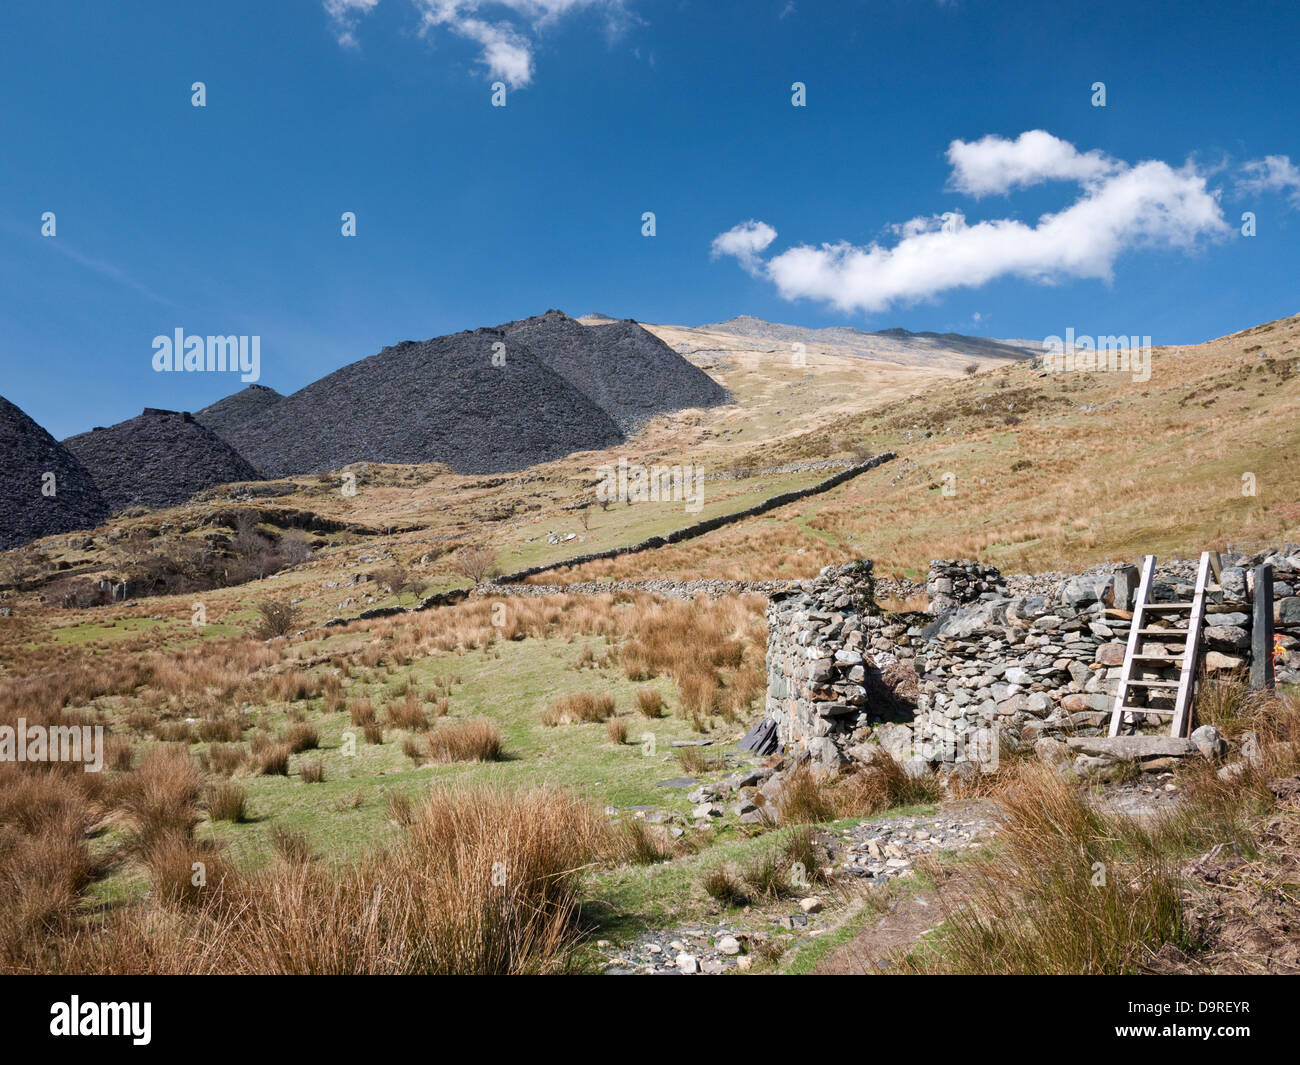 Spoil heaps from Dinorwig slate quarry scar the slopes of Elidir Fawr in Nant Peris, near the village of Llanberis in Snowdonia. Stock Photo
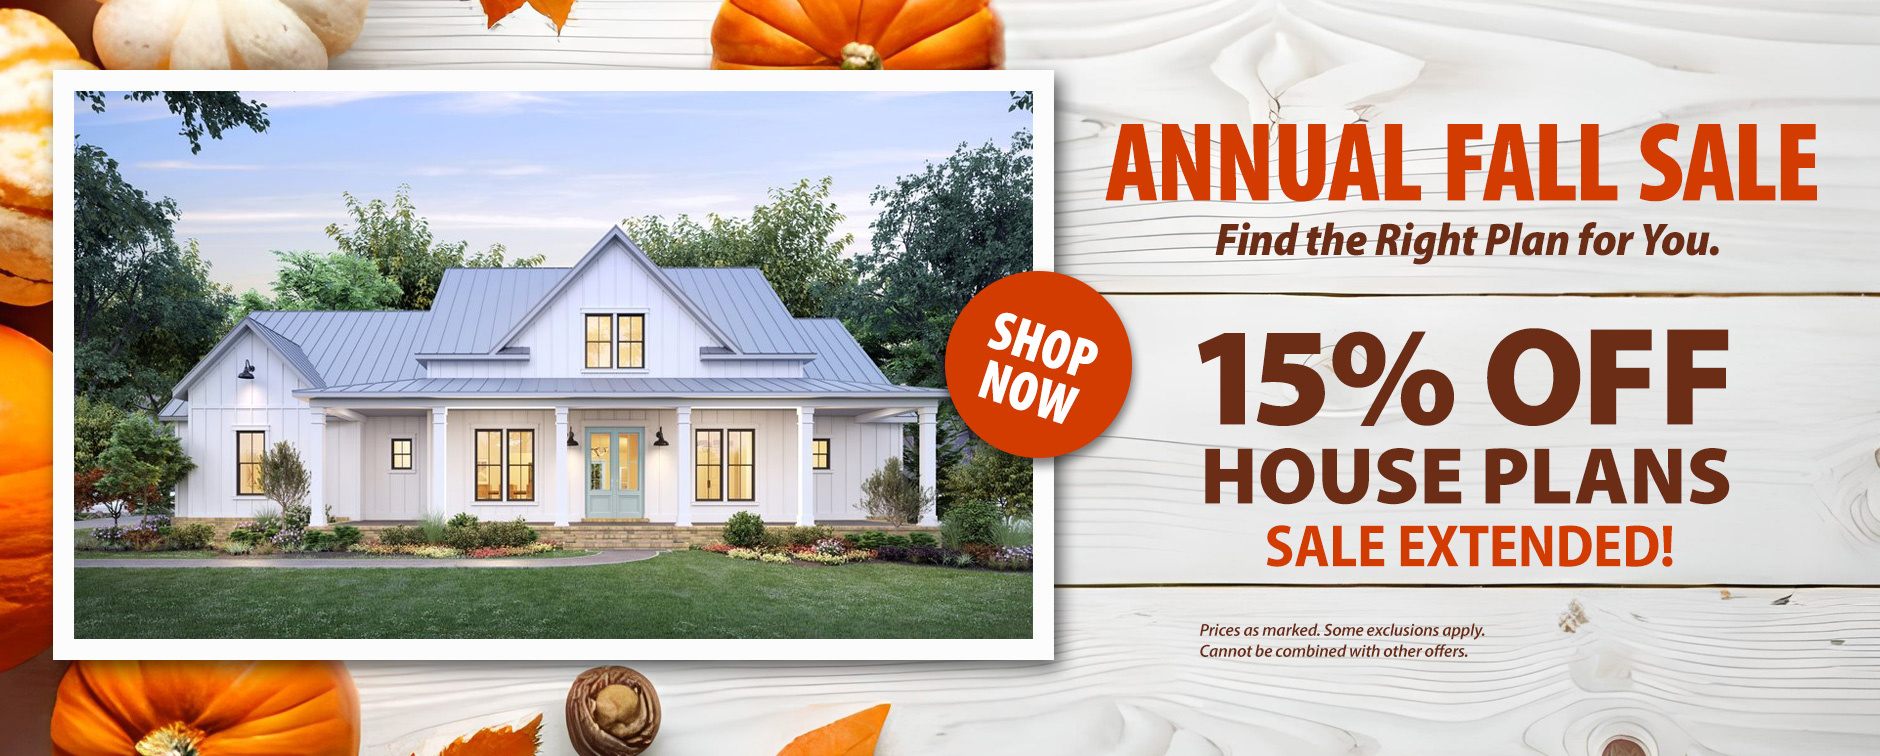 Annual Fall Sale Extended: Save 15% on Home Plans
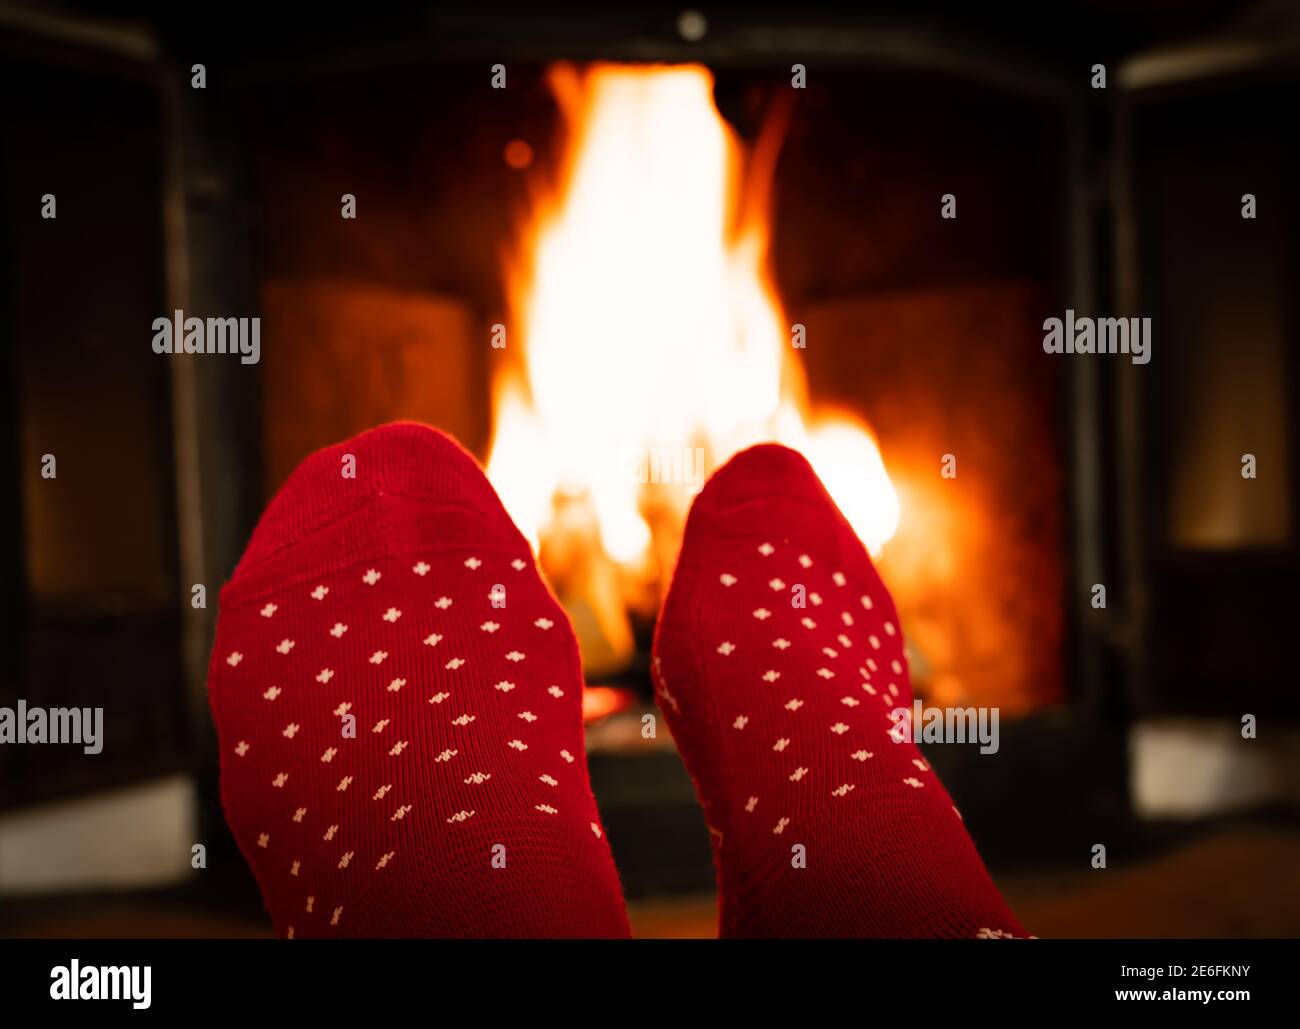 Female feet in red woolen socks by a warm fireplace on a cold winters evening. Stock Photo

******

- [ACTIVITY] Copy the listing character for character, pictures omitted.

- [THE ANSWER]
 Spoil heaps from Dinorwig slate quarry scar the slopes of Elidir Fawr in Nant Peris, near the village of Llanberis in Snowdonia. Stock Photo
 Annual Fall Sale Extended: Save 15% on Home Plans
 Female feet in red woolen socks by a warm fireplace on a cold winters evening. Stock Photo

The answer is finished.